Con la prenotazione obbligatoria e la conseguente caccia al biglietto, il tutto si è trasformato in una sorta di spot pubblicitario, accompagnato dalla sensazione che cittadini e turisti fossero solo l’ultima preoccupazione degli organizzatori, tanto che smaltita la delusione, dopo aver letto le parole del responsabile della manifestazione: ”Dietro a tutto questo c’è un lavoro organizzativo complesso, che comincia mesi prima contattando e convincendo i proprietari ad aprire i siti ai visitatori”, mi è rimasta la curiosità di sapere chi siano questi proprietari, visto che nella quasi totalità dei casi si tratta di siti già inseriti nella gestione della Soprintendenza Speciale per beni archeologici di Roma.

 

- Le auto a Villa Borghese

Domanda diretta: perché le fanno entrare? Ma sarebbe davvero tanto difficile chiudere tutto il parco e trasformarlo in una ztl aperta solo ai mezzi di emergenza e a quelli adibiti alla manutenzione del verde?

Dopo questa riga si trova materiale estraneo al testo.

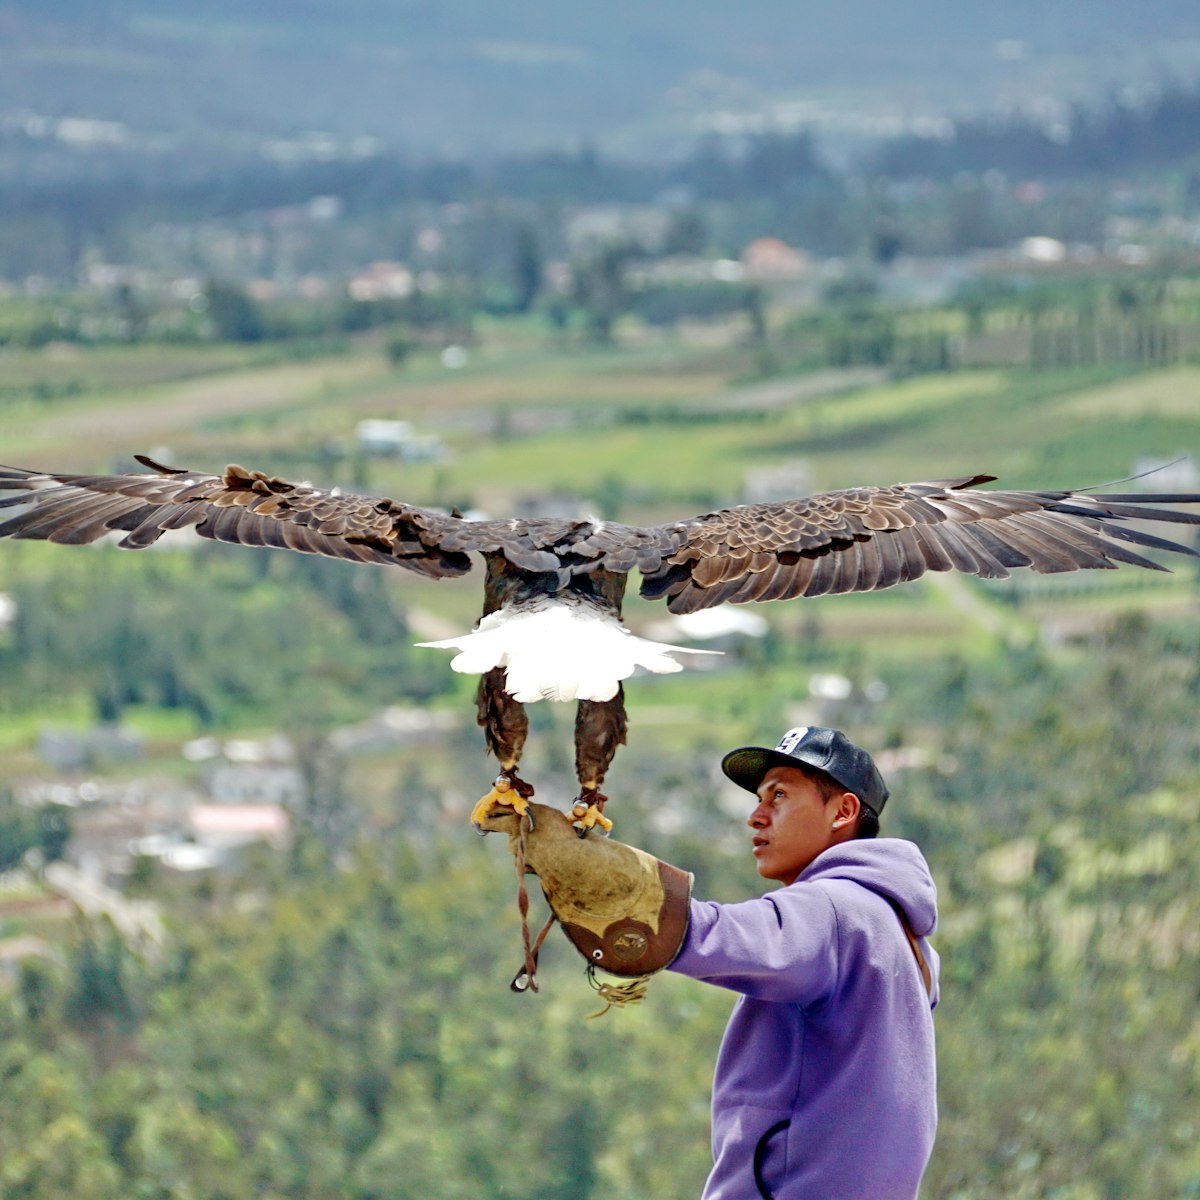 Bald eagle on a handler's arm at the Otavalo Condor Park.

E non mi si dica che è già così, perché non è vero. Ho visto auto parcheggiate, anche in zona rimozione, lungo via dell’Uccelliera e altre nello spiazzo di fronte all’ingresso del giardino zoologico. Per quale ragione non fare in modo che sia bello passeggiare o pedalare lungo strade che sono parte integrante di un’area verde, senza il timore di essere stesi da un momento all’altro, senza puzza di gas di scappamento, senza dover zigzagare tra i posteggi selvaggi?

Perché non predisporre la zona con piccoli taxi elettrici per condurre quelli che ne hanno necessità da un punto all’altro del parco con una tariffa fissa?

Dev’essere una mia deformazione quella che mi fa considerare un parco pubblico un luogo inadatto al passaggio e allo stazionamento di auto mentre, proprio quella piazzetta di fronte ai cancelli del giardino zoologico di Roma, mi sembrerebbe più consona e utile per una giostra coi cavallini, un gelataio, il chioschetto della piadina (altro tipo di deformazioni) e bambini che giocano, oltre al posto di noleggio e riparazione bici. Perché i romani amano farsi così tanto male?